The ninth time you go, it’s another new school and you sit on tiny chairs in a tiny room that serves as the conference room between two special ed classrooms. Your child is now enrolled in a special class for severe affective needs even though everyone agrees that your child doesn’t have severe affective needs, but his behavior is a good match for the other children in the class so maybe the program will be, too. The teacher is enthusiastic. When she tells you Wow! what a great kid and these test scores are wonderful you make your lips smile. When she says Would it be okay with you if we included academic challenge in his program, you stare at her in disbelief. When she laughs and says We can do whatever makes sense for you and your child here, you wonder if this is a miracle or a new form of torture.
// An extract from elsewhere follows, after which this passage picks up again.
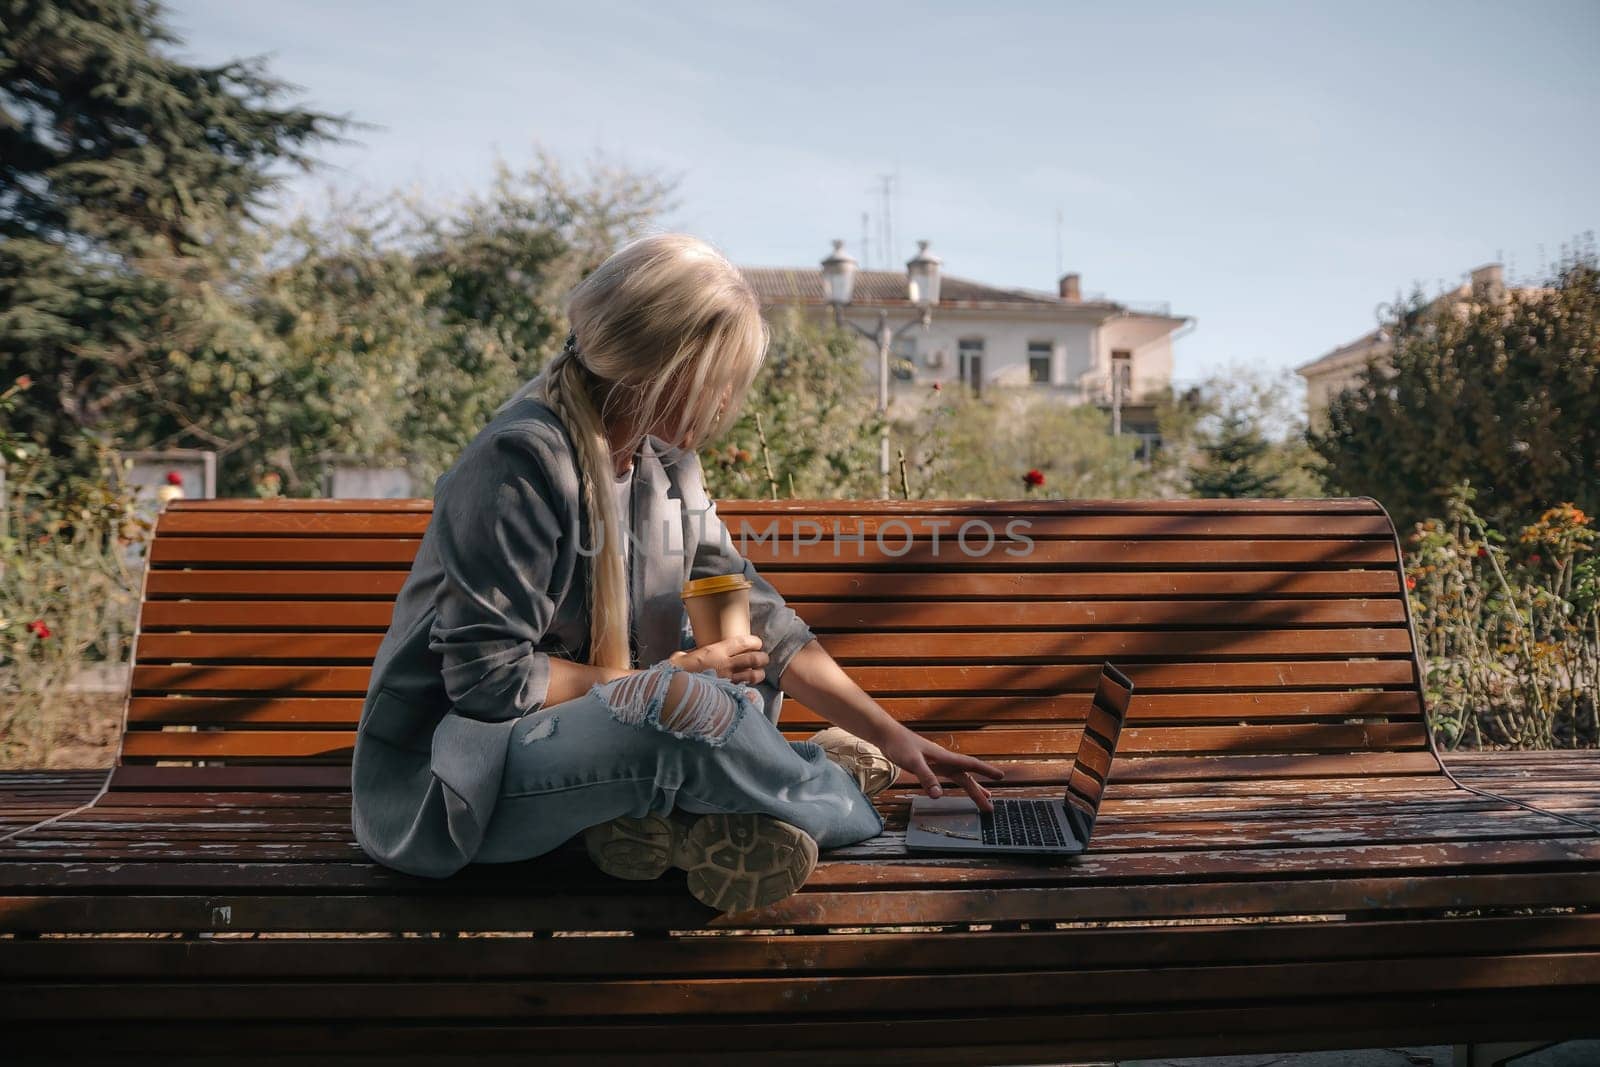 A woman sits on a bench with a laptop open in front of her. She has a cup of coffee in her hand and her jeans are ripped. The scene suggests a relaxed and casual atmosphere. by Matiunina

The tenth or maybe eleventh time you go, you stop counting. The teacher sends notes home everyday, sentence fragments that report progress or not. You read them, sign them in blue or black ink, and send them back. You suspect that parenting is an endurance contest, a contest you will probably lose. When the teacher asks your permission to put your child in a special math class for gifted children, you hesitate, remembering broken furniture and banged heads and hour-long screaming. Then you remember his discovery of multiplication when he was four, his hours playing on the computer at home, and you say yes, let’s try it and the teacher says he can do this, I know it. You tap your fingers on the table top and say but what if he gets up-set in the class and the teacher says it’s okay, we’ll just give him a break back here if it happens and then you sign the form. The daily notes continue, with a special note on math day. Excellent progress, behavior good read the math day notes. You remember to breathe, but it’s not the same as hoping for a cure.